Starting with the line that contains "Talking Wisconsin Outdoors", return every line through the end of the listing below exactly as written. Omit the pictures.

*** Dataset excerpt ***

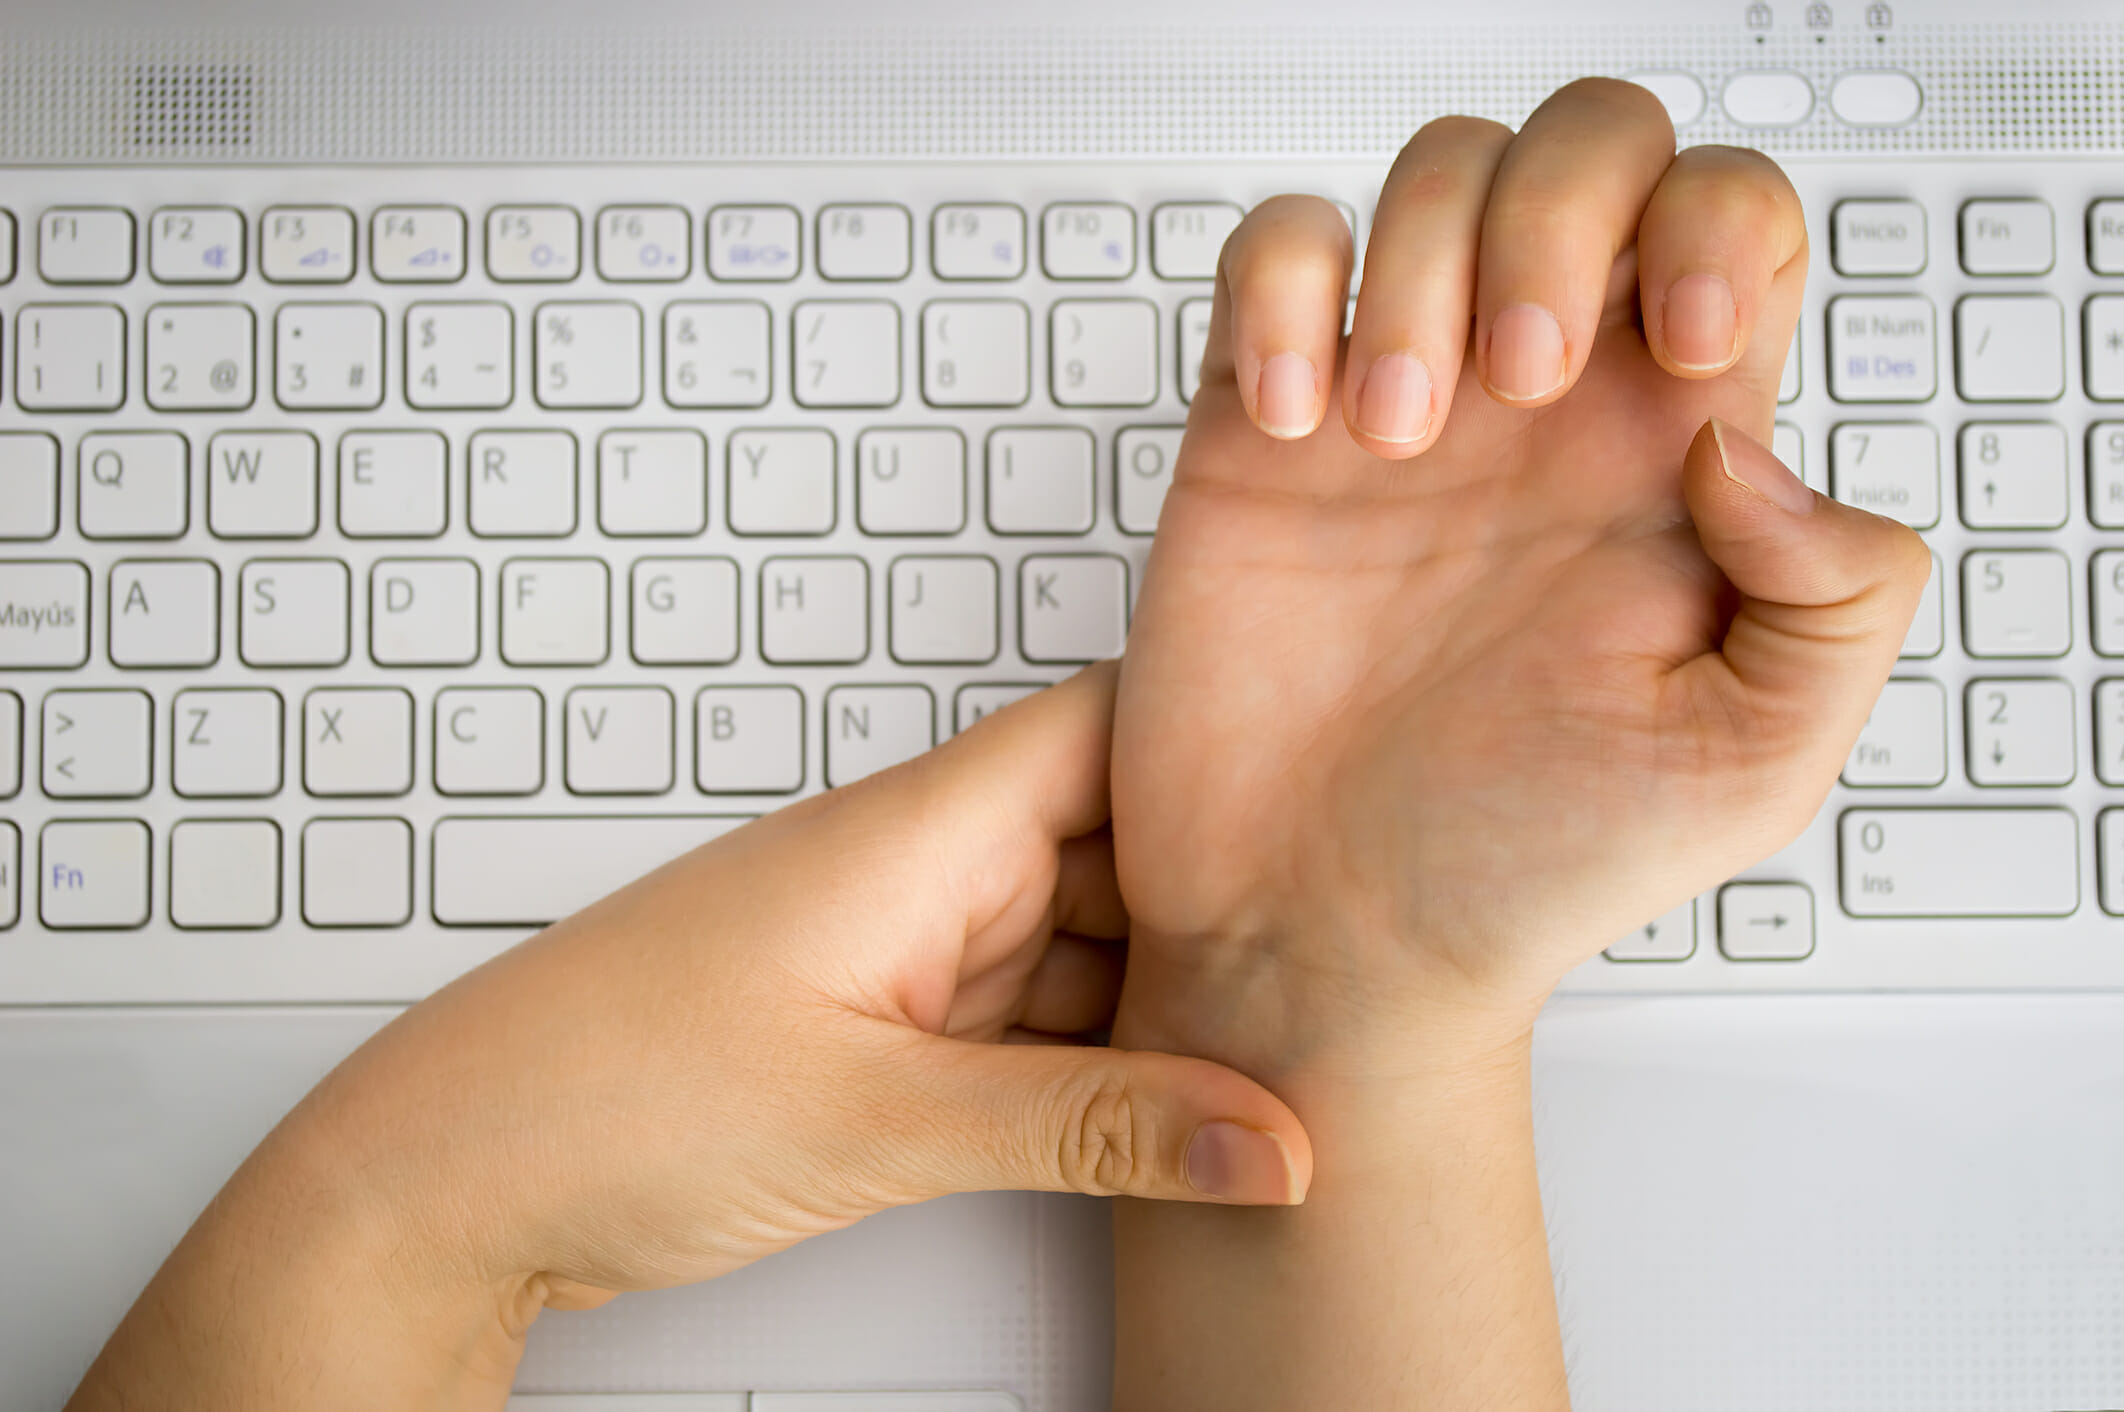 Wrists at Work
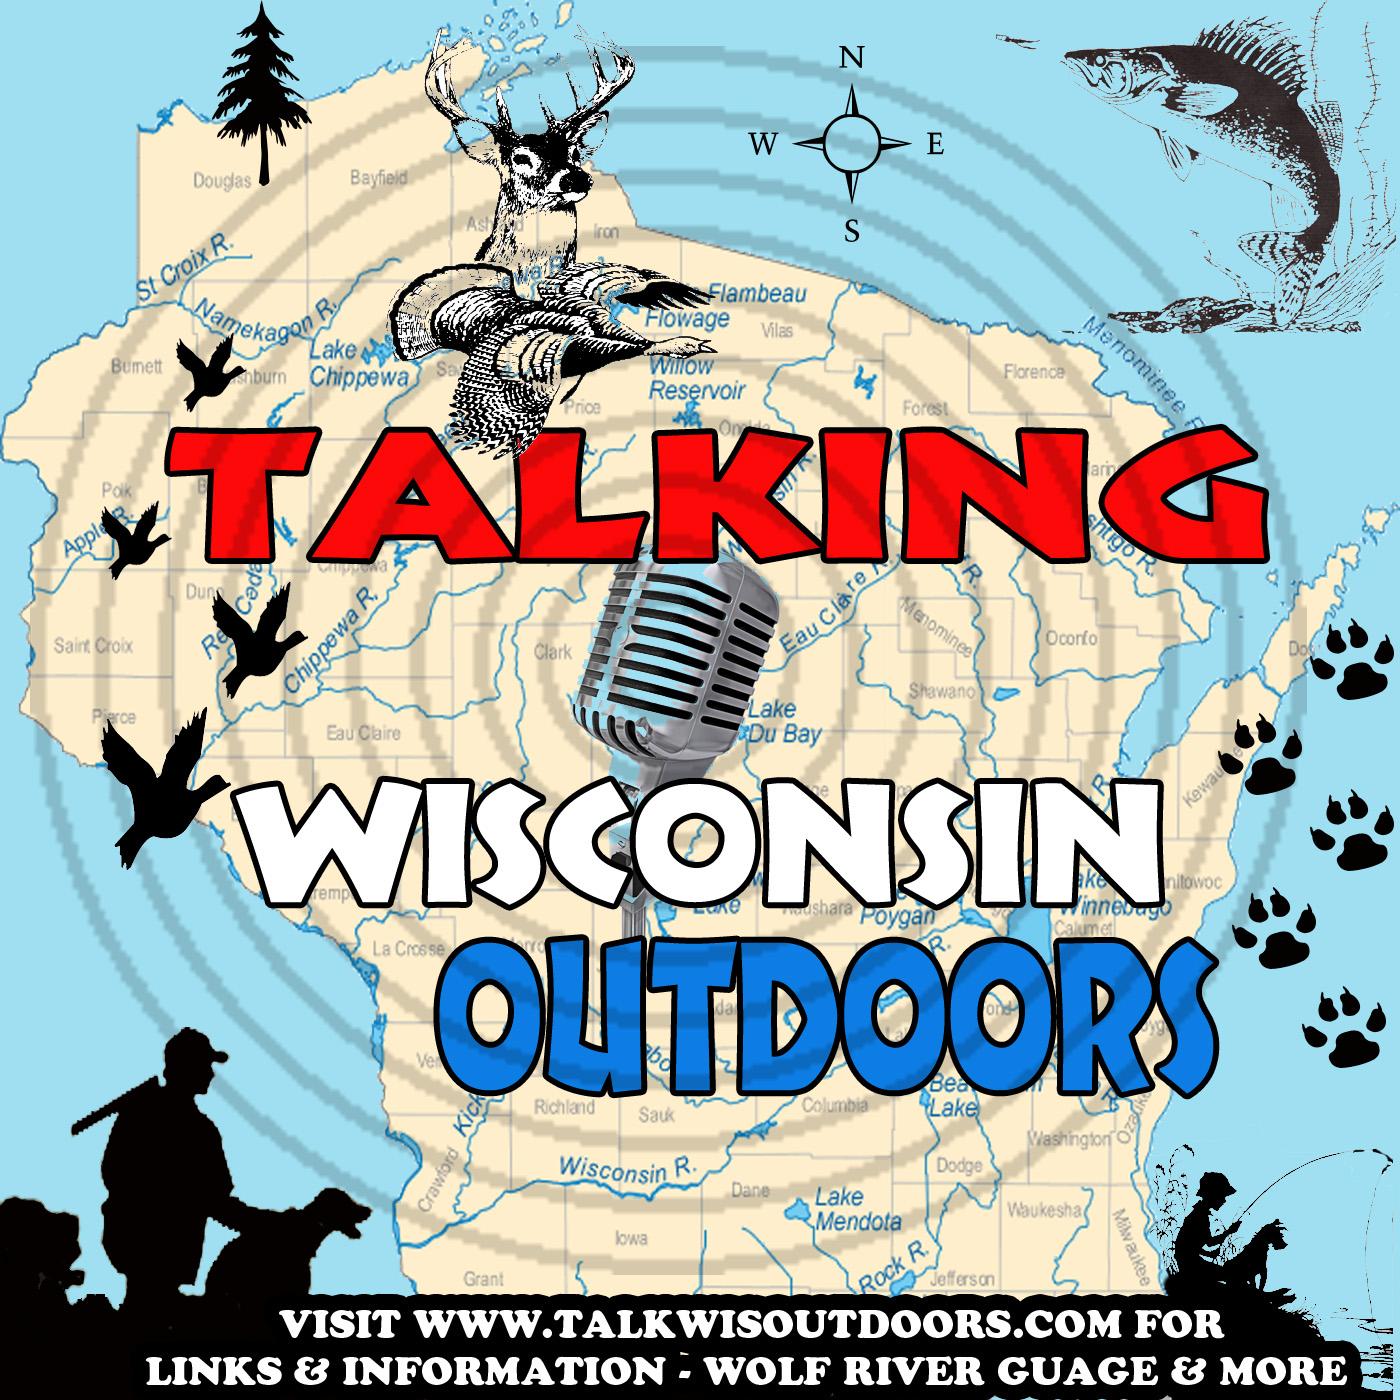 Talking Wisconsin Outdoors
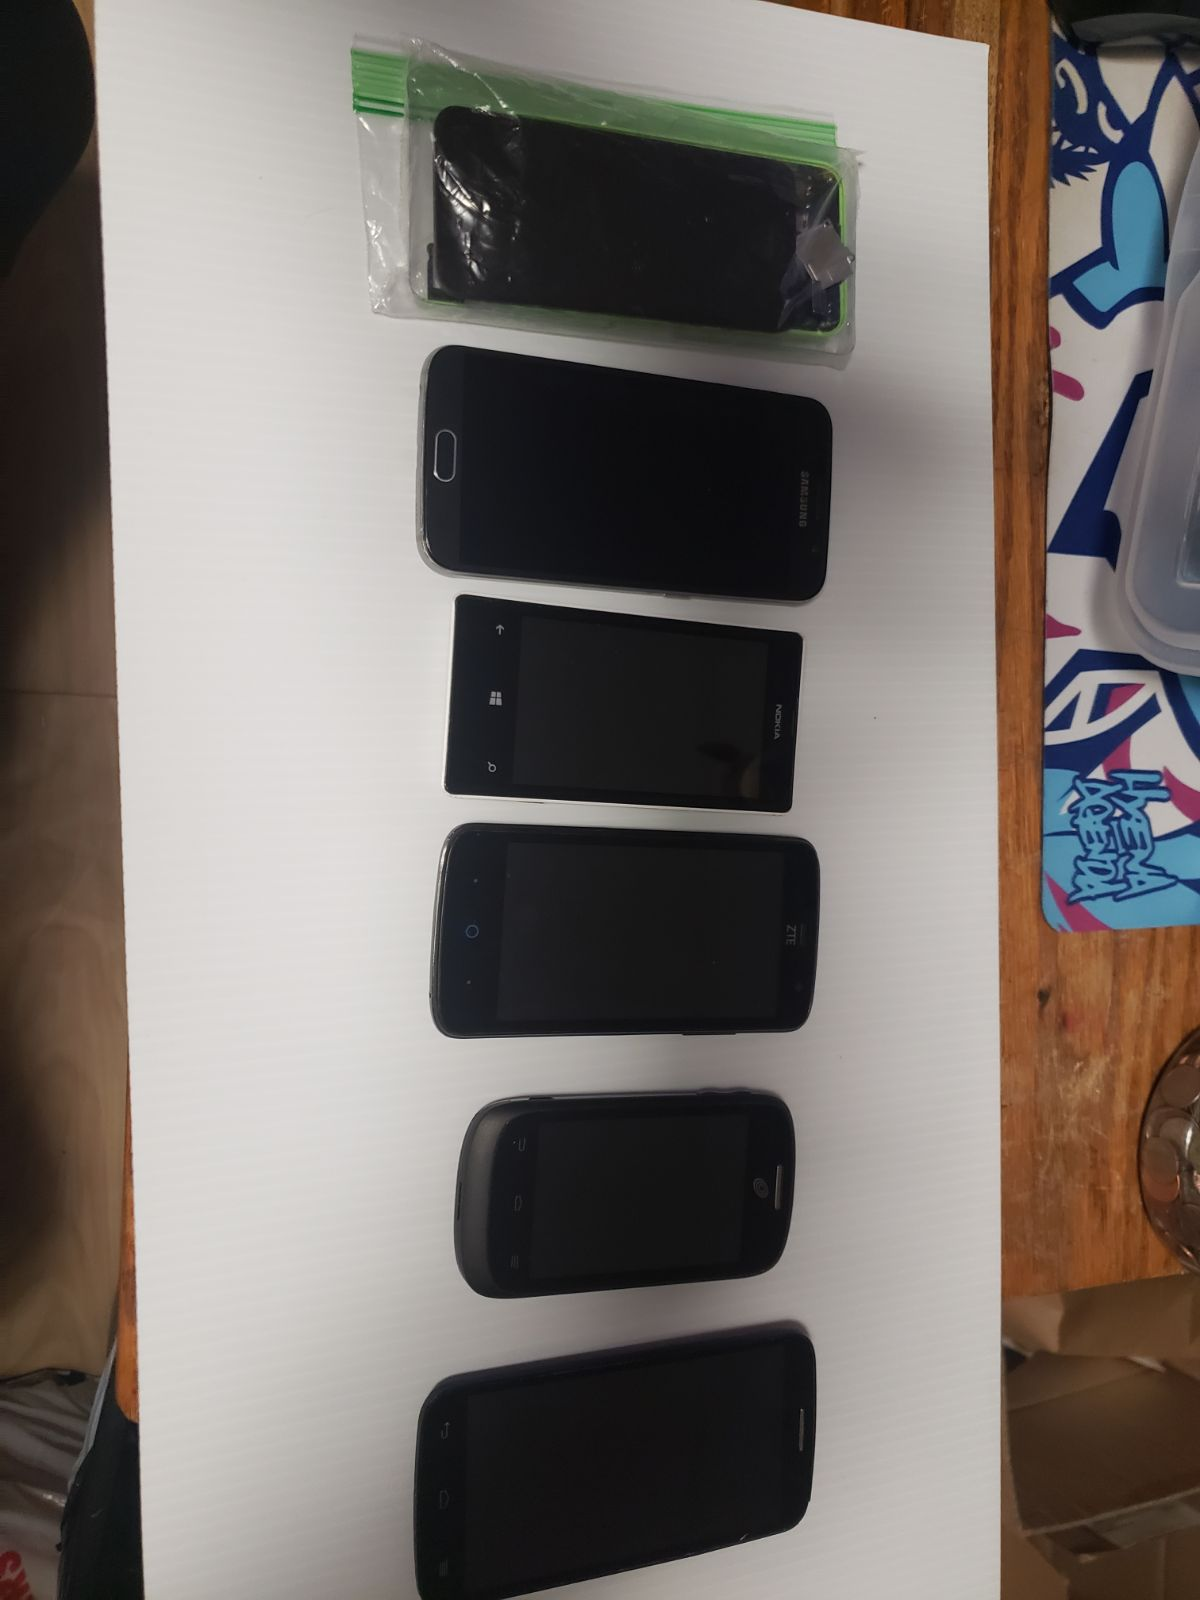 Smart Phone Lot - 6 Phones
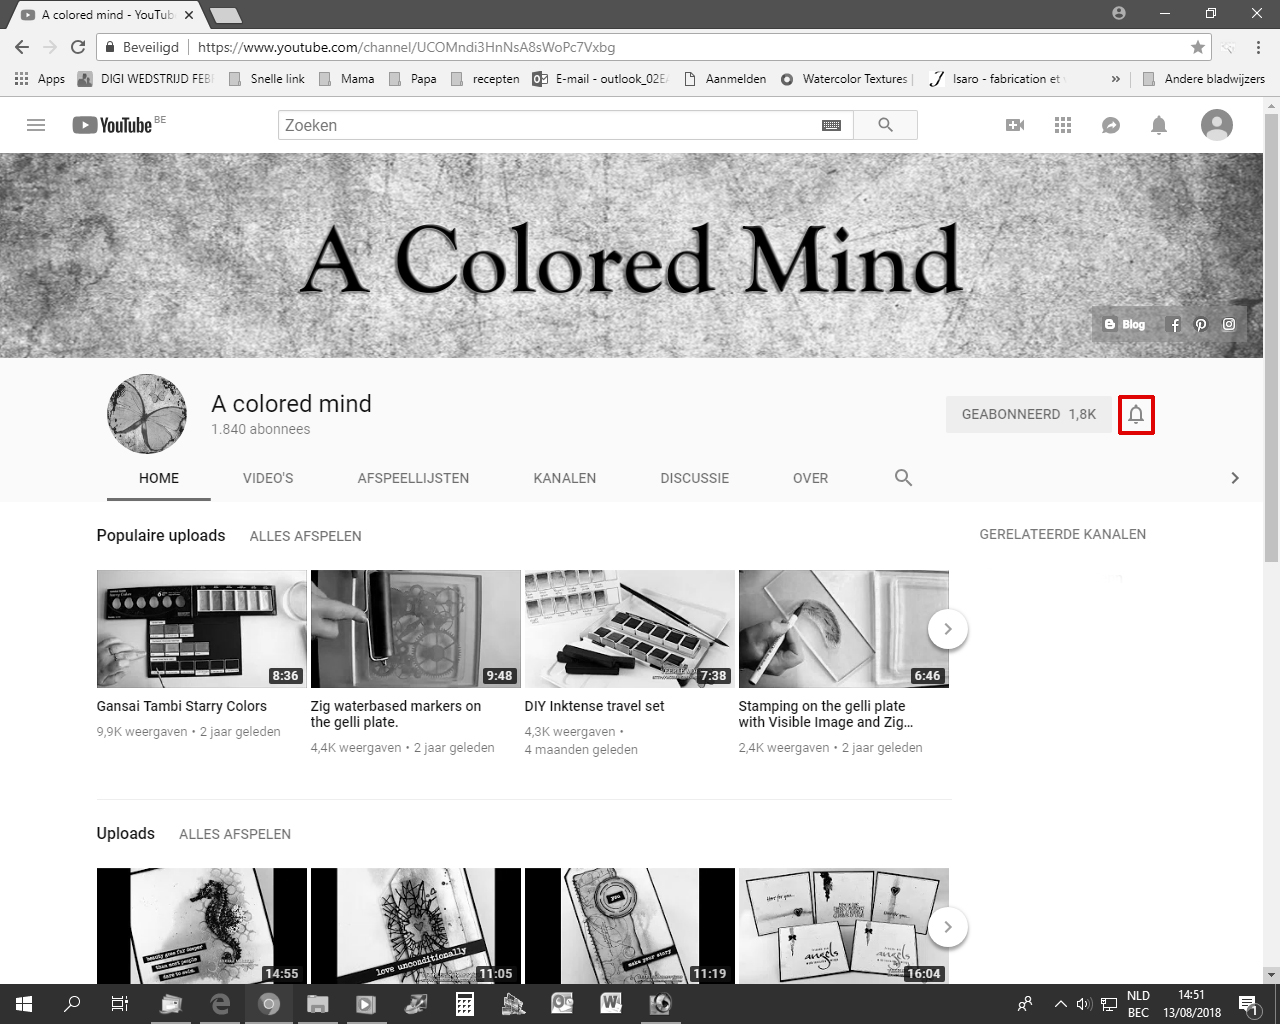 A colored mind

***

## Written response
 Talking Wisconsin Outdoors
 Smart Phone Lot - 6 Phones
 A colored mind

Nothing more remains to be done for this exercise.